Esse conjunto de HQs são um marco social, tanto pelo conteúdo das narrativas quanto pelo contexto no qual essas histórias foram criadas. É possível que a Maravilha seja uma das personagens femininas mais fortes da cultura pop, especialmente nessa época de império cinematográfico de grandes editoras, DC e Marvel Comics. Por isso, é importante perceber que a formatação atual da personagem foi criada em consonância com o atual público feminino das HQs e do cinema de super-herói. Por muito anos, nossas expectativas como leitoras não foram levadas em consideração. Esse cenário mudou, o número de leitoras e artistas de HQs finalmente tem sido observado e sua atuação, inclusive como consumidoras ativas de produtos e merchandising, incorporada às práticas de mercado. Isso é ótimo. Dá visibilidade para o feminismo, aponta para a derrocada da sociedade patriarcal tradicional que nem os próprios homens aguentam mais (ops, tô generalizando, ok?), mas não deve ser idealizado como um ícone.
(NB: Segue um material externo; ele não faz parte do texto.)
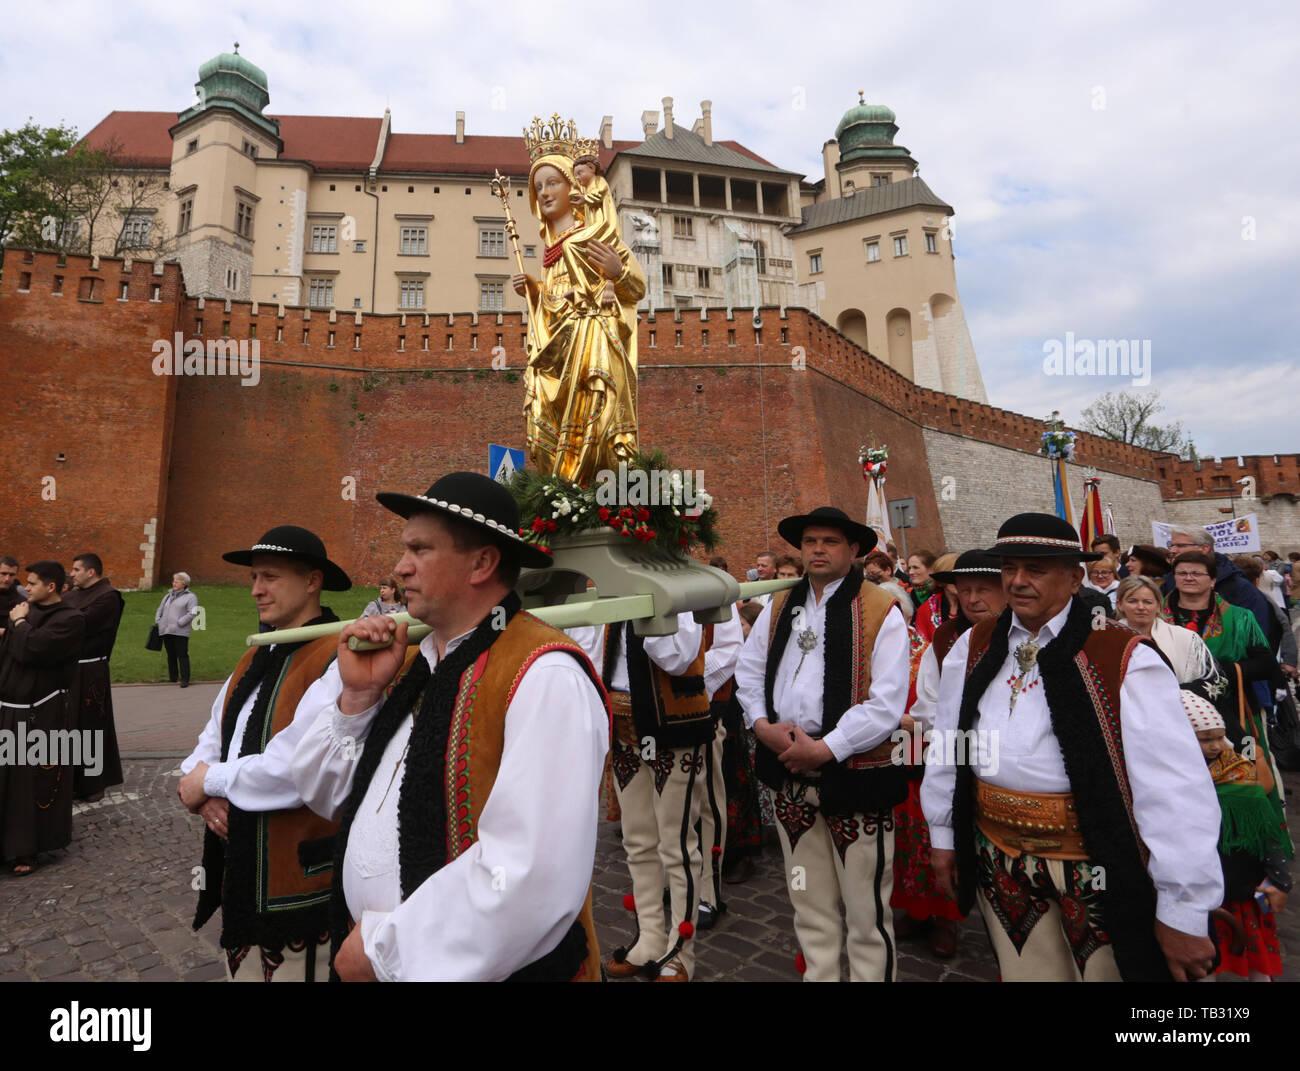 Krakow. Cracow. Poland. St. Stanislaw procession from Wawel to Skalka. Our Lady of Ludzmierz. - Stock Image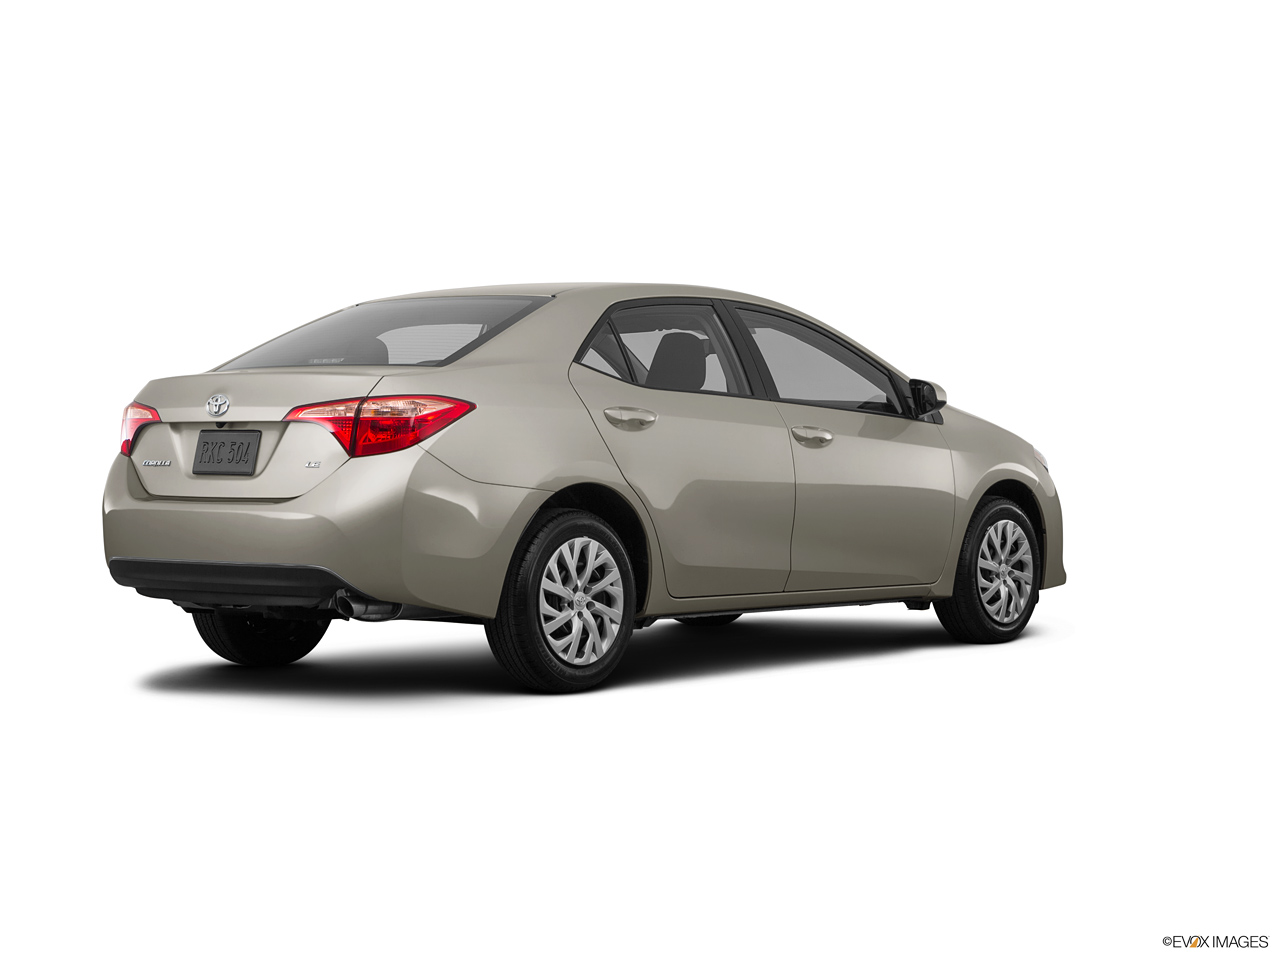 Kekurangan Toyota Corolla 2019 Perbandingan Harga

É um sinal dos tempos, sem dúvidas, mas está intimamente ligado ao poder de consumo feminino (Não esqueçam disso, migas!).
Dá para ter uma ideia do uso comercial da personagem nesse vídeo, que mostra um tour pelo Museu da Mulher Maravilha, administrado por Christie Marston, neta de Moulton.
Em 2015, Roy Thomas compilou mais de 20 histórias dos primeiros anos da Mulher Maravilha (1941-1945) em um encadernado de ótima qualidade, com capa dura, papel especial, cores ajustadas, boa impressão e a identificação de roteiristas e desenhistas de cada história, de acordo com o Online Grand Comics Database.Com base nos primeiros anos que levaram à Segunda Guerra Mundial, Thomas também compilou as primeiras histórias do Batman e do Super Homem, compondo a coleção The War Years, sobre a trindade de heróis da DC. Esse texto foi escrito logo após o contato com tal material. Se você é fã de um desses heróis, não deixe de conferir os livros e conhecer os primórdios de suas caracterizações, conforme elaboradas pelos autores originais.
Coleção The War Years, de Roy Thomas. Pois é, o Batman sorria nessa época!